According to records, answers and objections to her petition were filed by the executor, a grandson of the decedent, and two other grandchildren. Following a conference with the court, the parties attempted to reach a settlement, but were unsuccessful. Thereafter the matter was submitted to the court for a decision on the papers, including a reply and an additional affidavit in support of the petition.

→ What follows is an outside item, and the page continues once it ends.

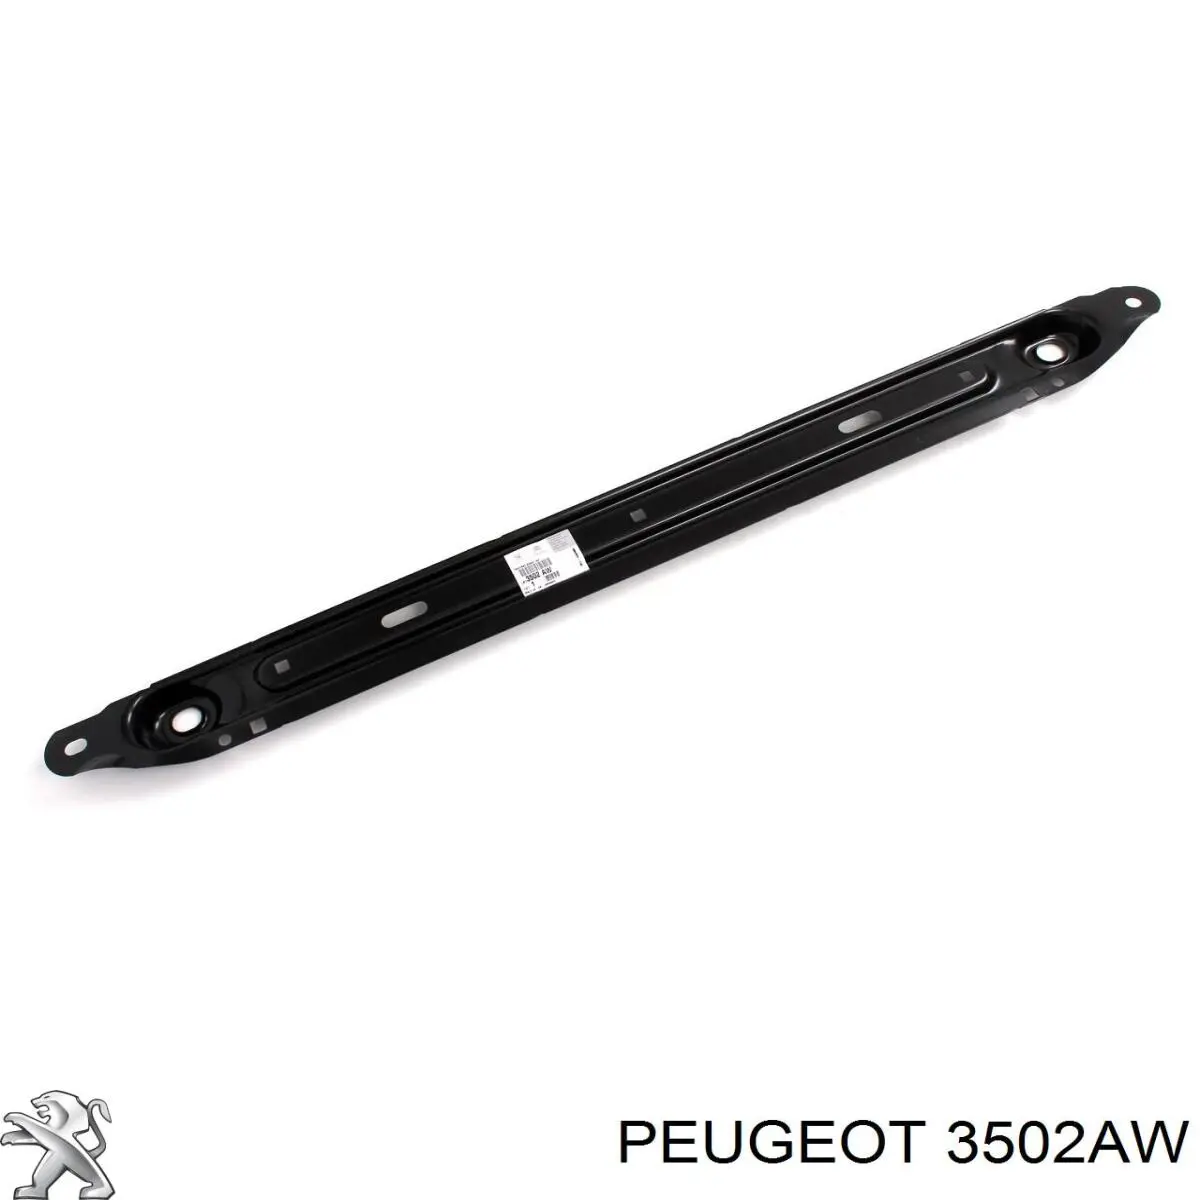 00003502AW Peugeot/Citroen suporte inferior do radiador (painel de montagem de fixação das luzes)
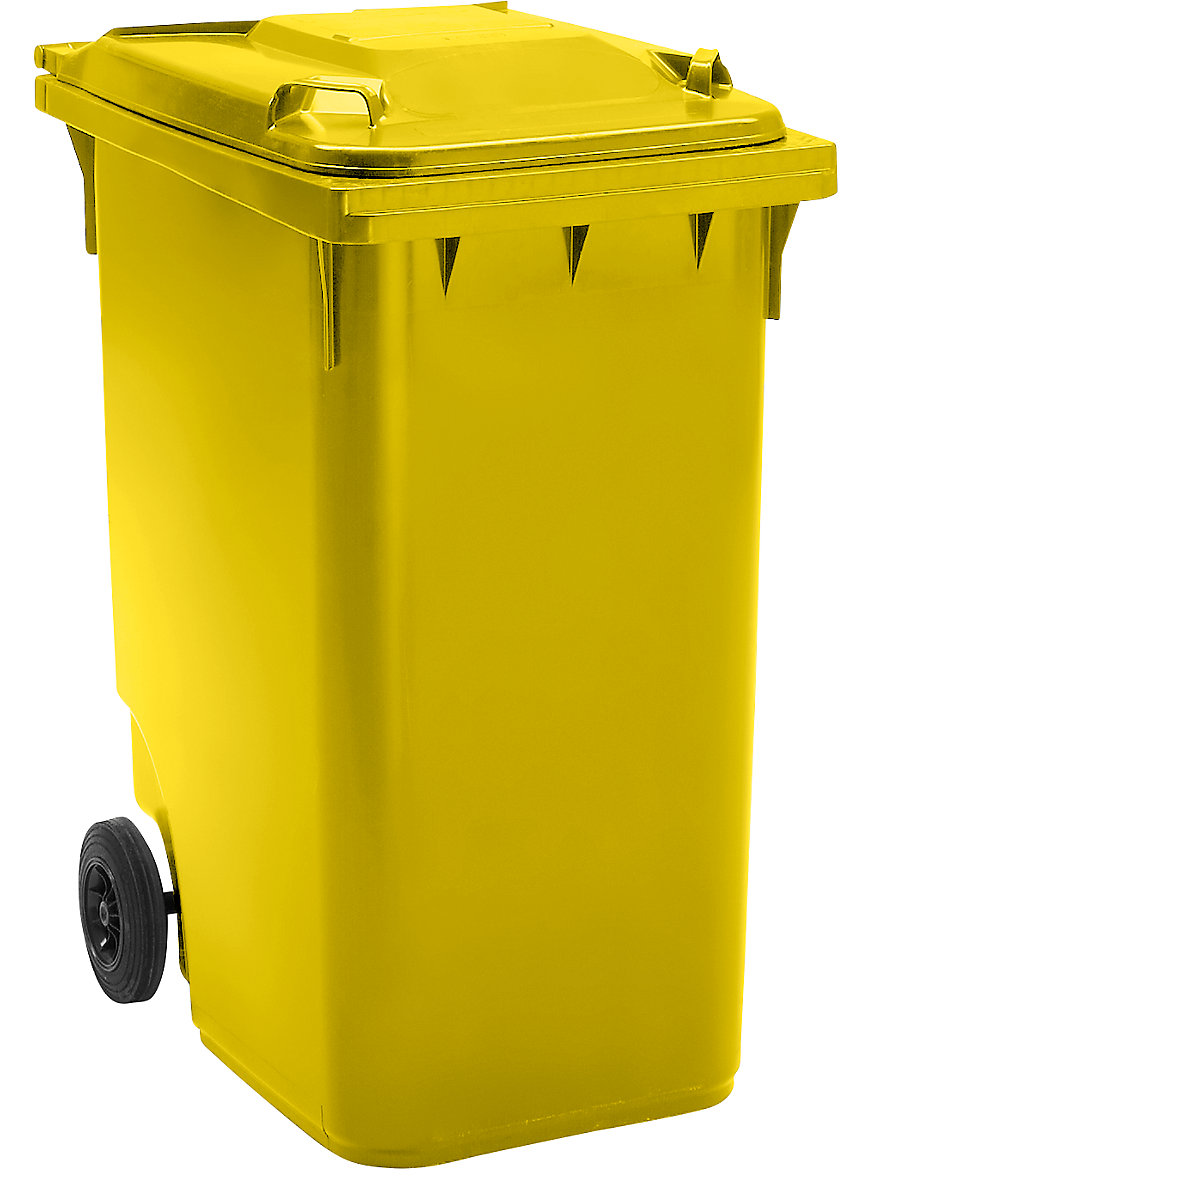 DIN EN 840 szabvány szerinti hulladékgyűjtő, űrtartalom 360 l, szé x ma x mé 665 x 1115 x 880 mm, kerék-Ø 200 mm, sárga, 5 db-tól

According to a New York Probate Lawyer, the Petitioner raises several arguments in support of the relief requested. Primarily that she is in possession of a later will, in which she is named executor and a beneficiary. She states that she was neither cited nor waived citation in the proceeding which granted validation to the 1992 will, and that she intends to file objections to the validation based on the later will. She also alleges that the deceased, who died while an inpatient at a nursing home in New Jersey, was a resident of Manhattan, and not of Rockland County as alleged in the petition which resulted in the validation decree, and that, therefore, the proceeding should not have been brought in this court. The Petitioner filed the purported will in this court and filed her petition to vacate validation. The respondents, by their answer and objections, allege that the petition should be denied because the petitioner is guilty of laches, based on her unexplained and unjustified delay in offering the purported later will for validation and in bringing the instant proceeding, which will result in substantial prejudice to them if she is successful. They further argue that petitioner is unable to demonstrate a likelihood of success on the merits, because the 2001 purported will is not likely to be admitted to validation. They maintain that the 2001 document is suspicious on its face, that the deceased lacked sufficient capacity to execute a will in 2001 and that the 2001 document was the product of undue influence.